## Work order
Write out only the lines from the line that holds "2017 Chevrolet Express" to the end of the listing below, inclusive, with the pictures omitted.
Dataset content section start
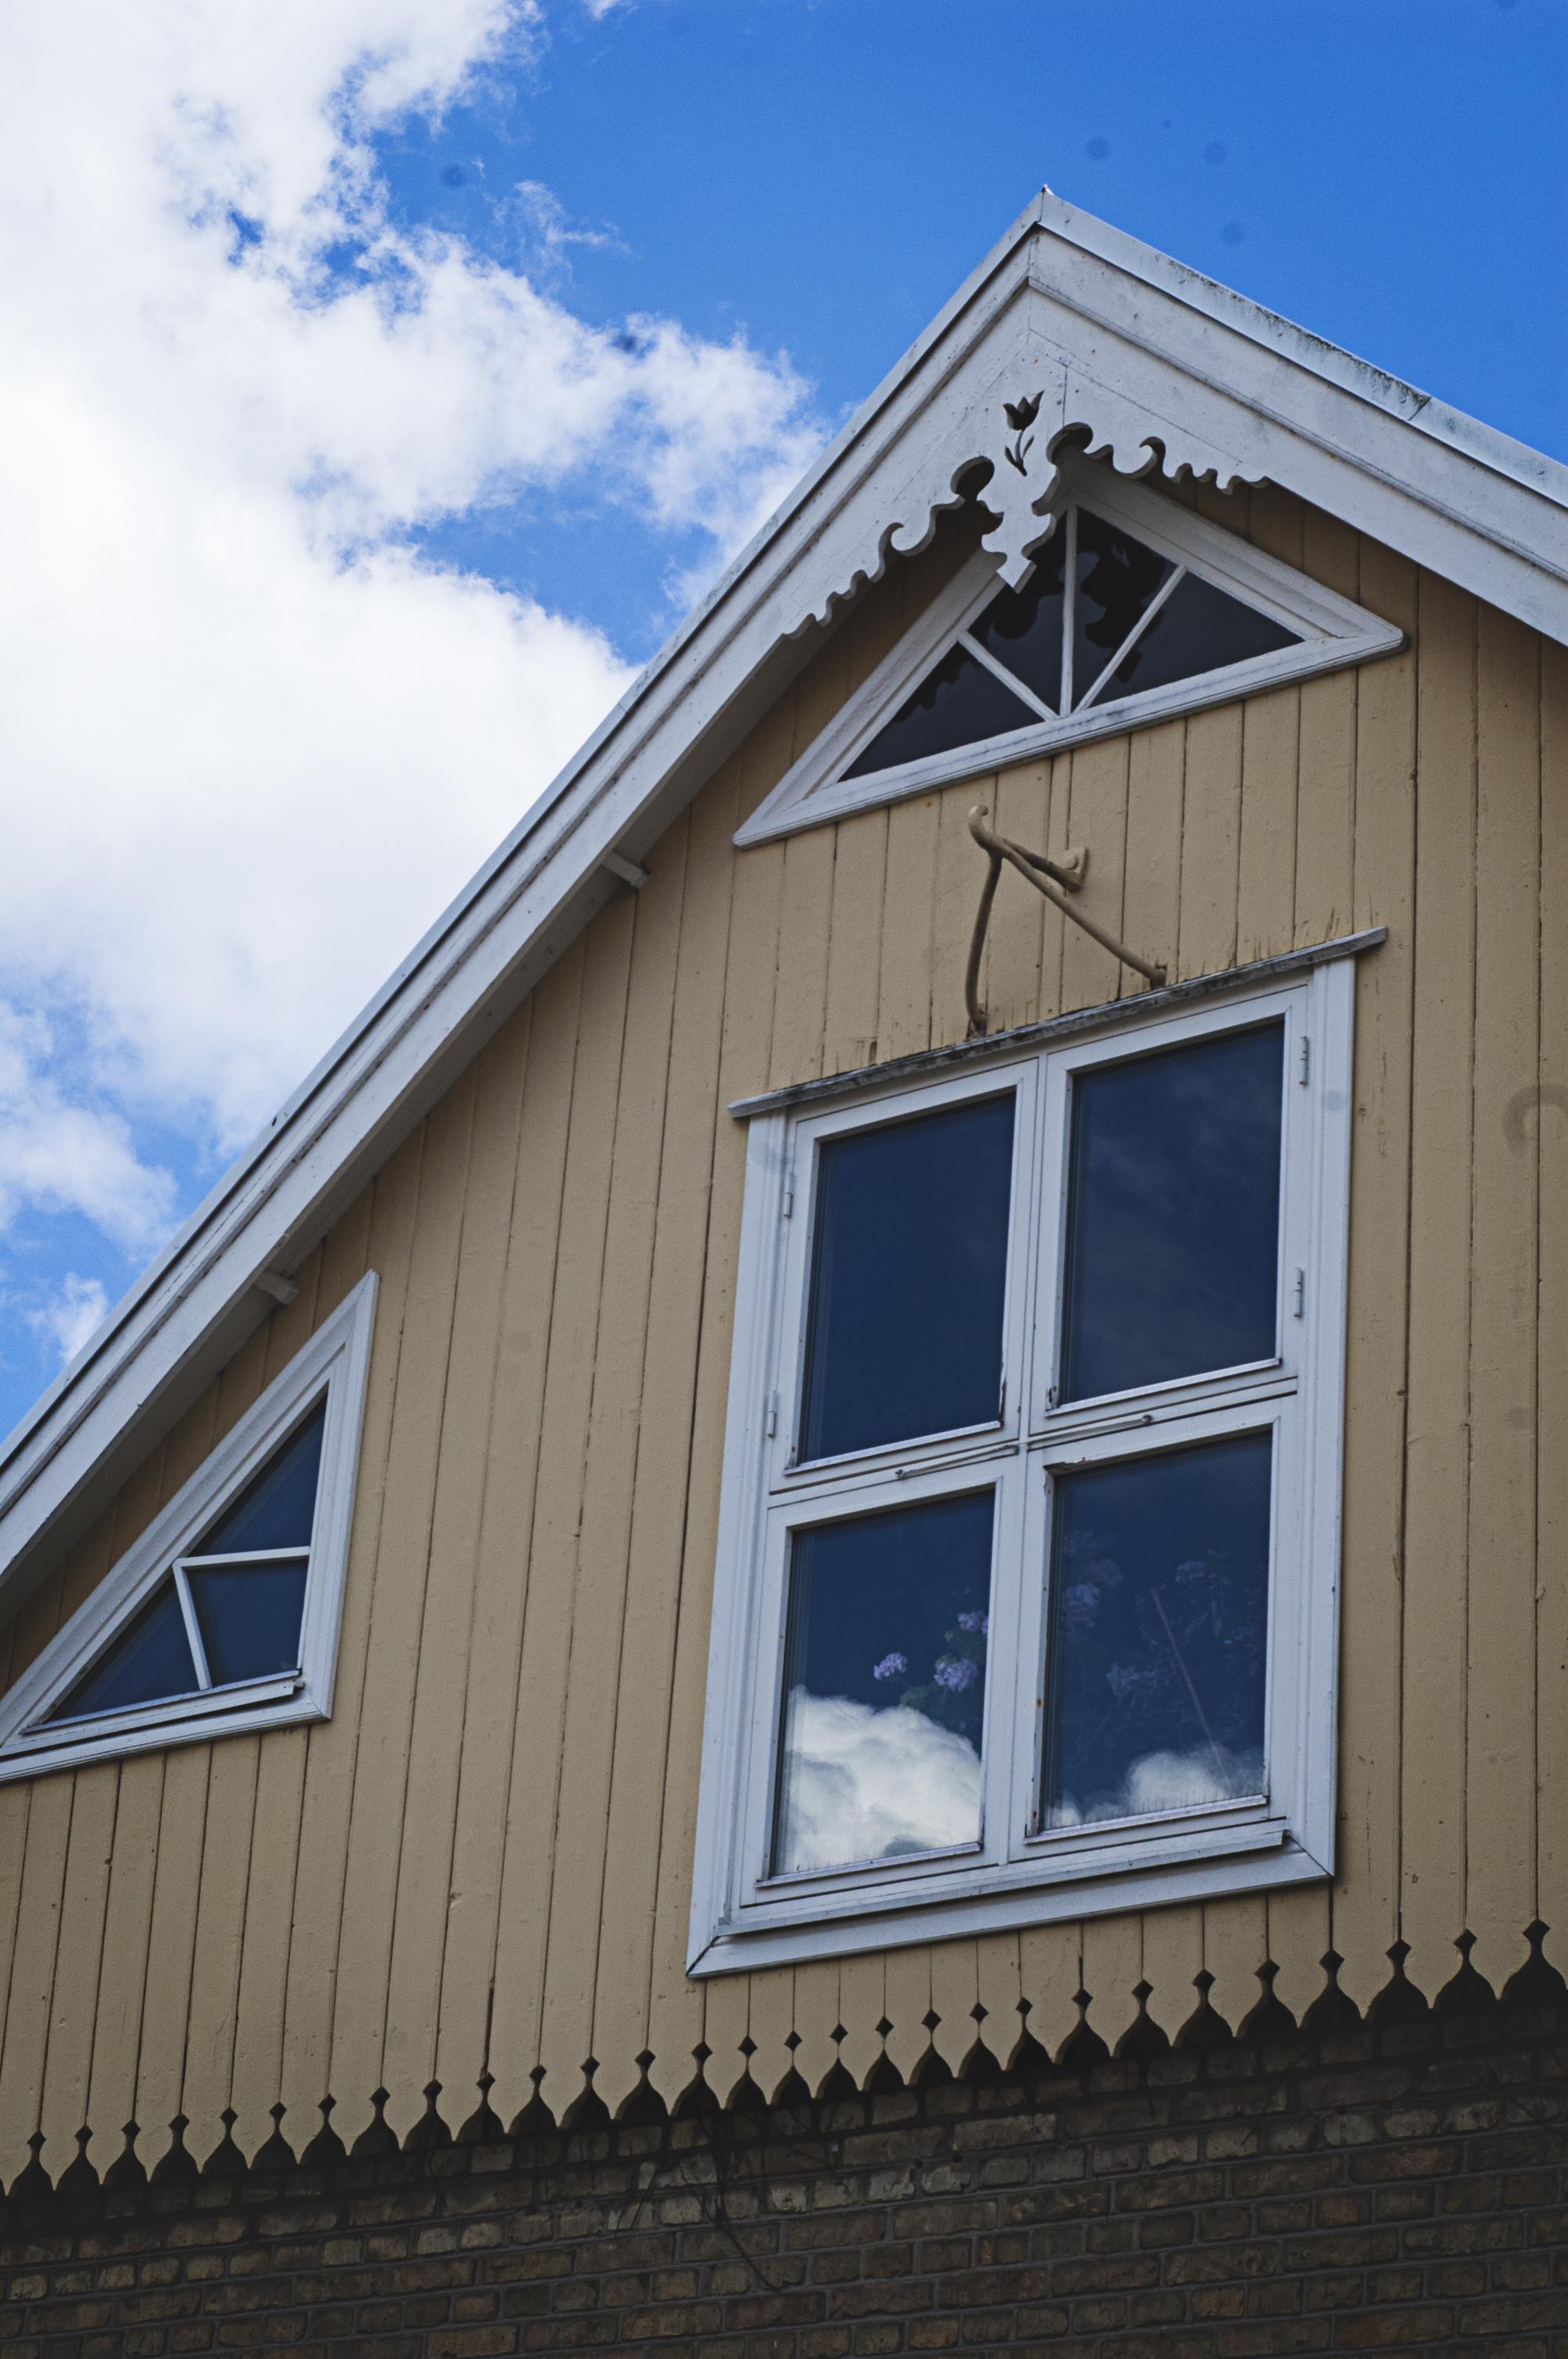 Afternoon Fika among the hollyhocks, Kivik
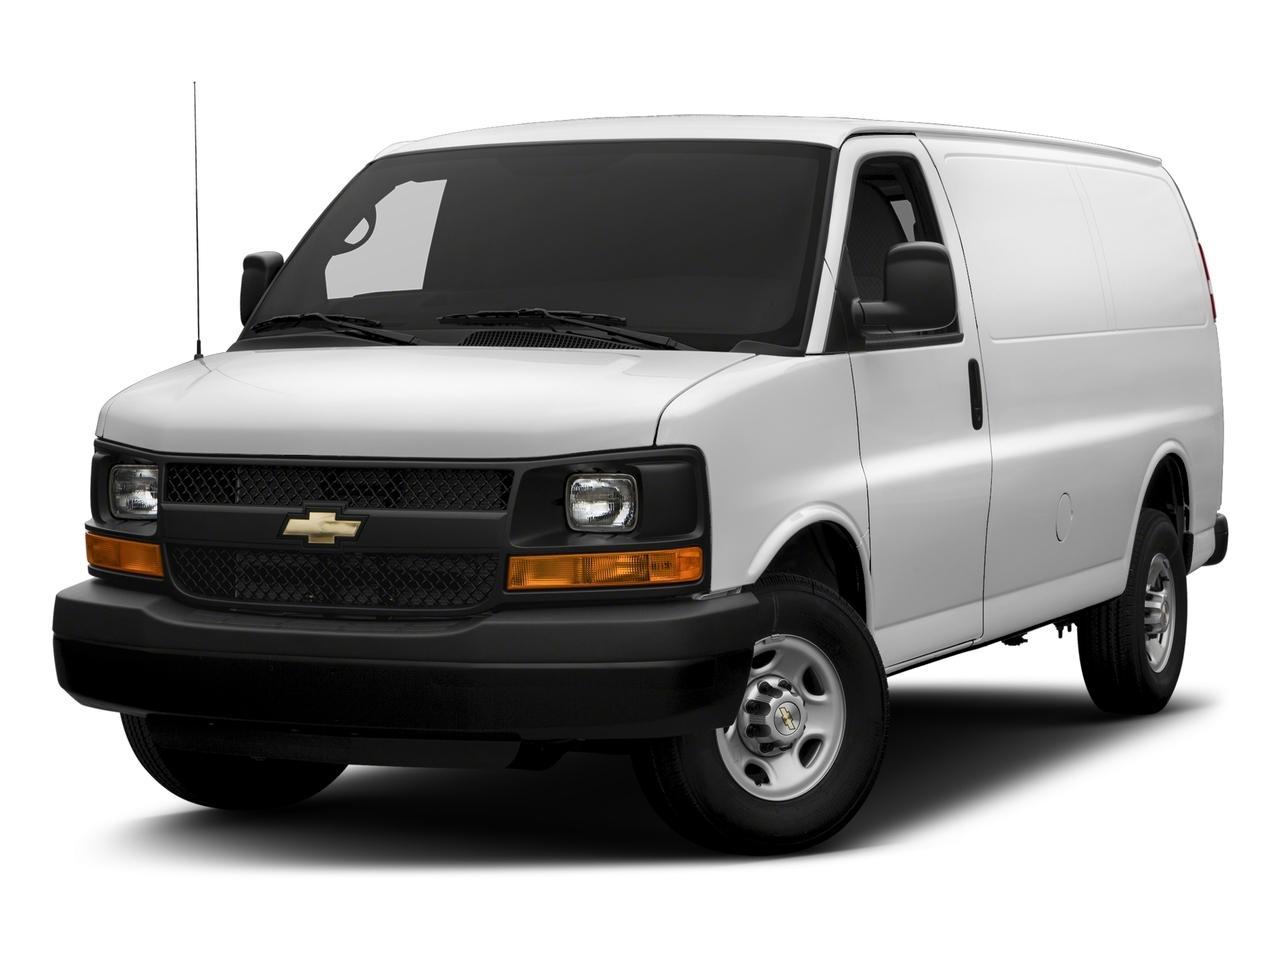 2017 Chevrolet Express Cargo Van Vehicle Photo in Rosenberg, TX 77471
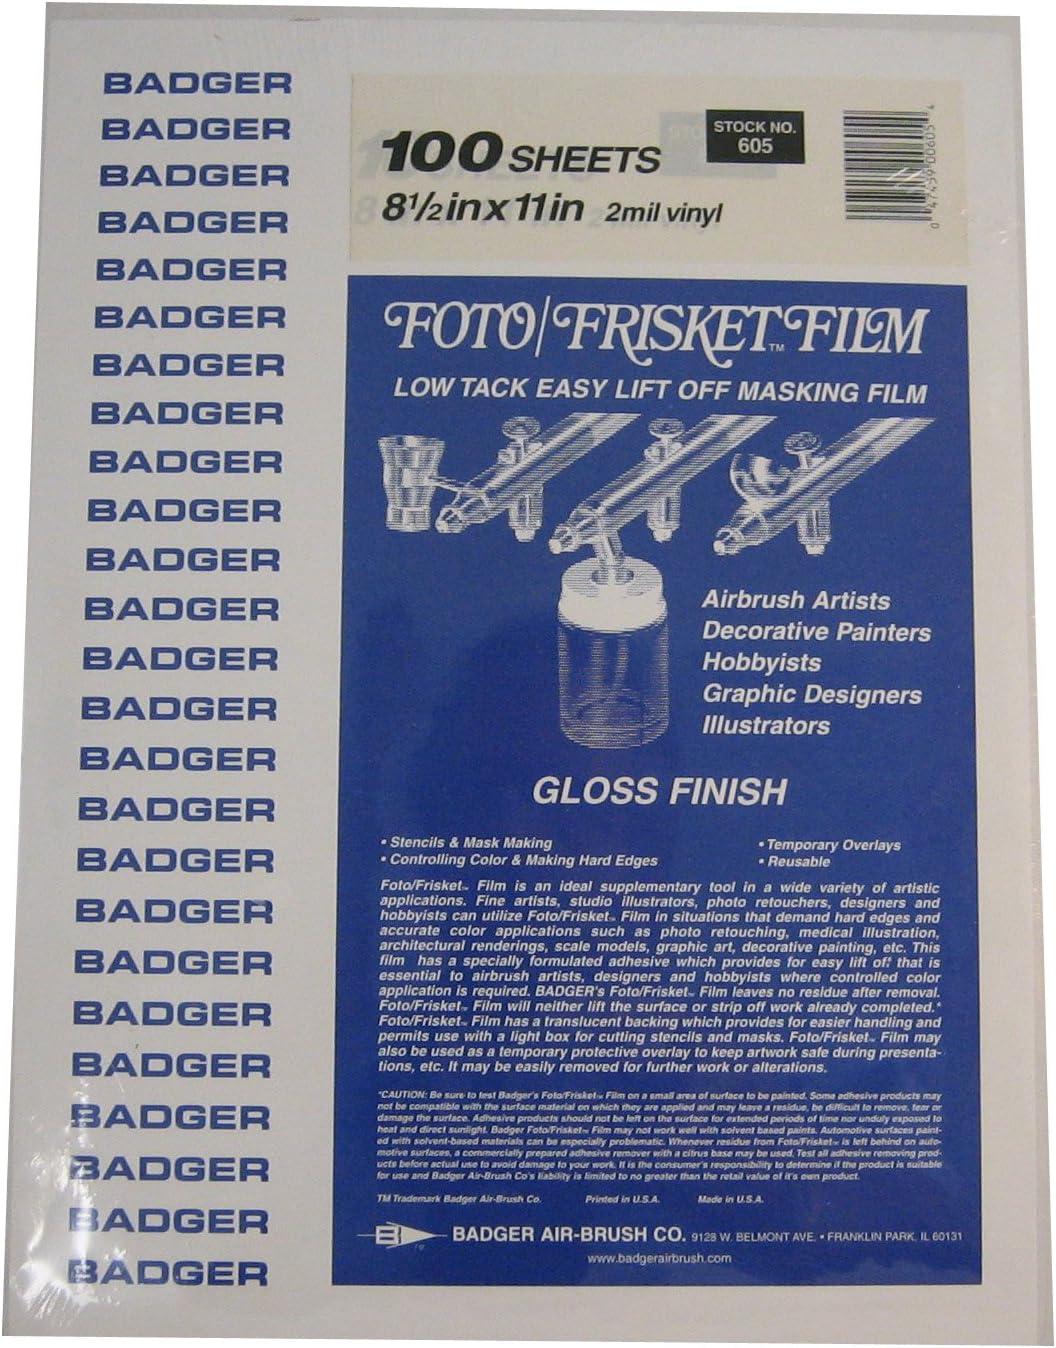 Badger Air-Brush Co. 605 Film Foto Gloss Bargain Max 68% OFF Frisket
Dataset content section end
## Problem solution
 2017 Chevrolet Express Cargo Van Vehicle Photo in Rosenberg, TX 77471
 Badger Air-Brush Co. 605 Film Foto Gloss Bargain Max 68% OFF Frisket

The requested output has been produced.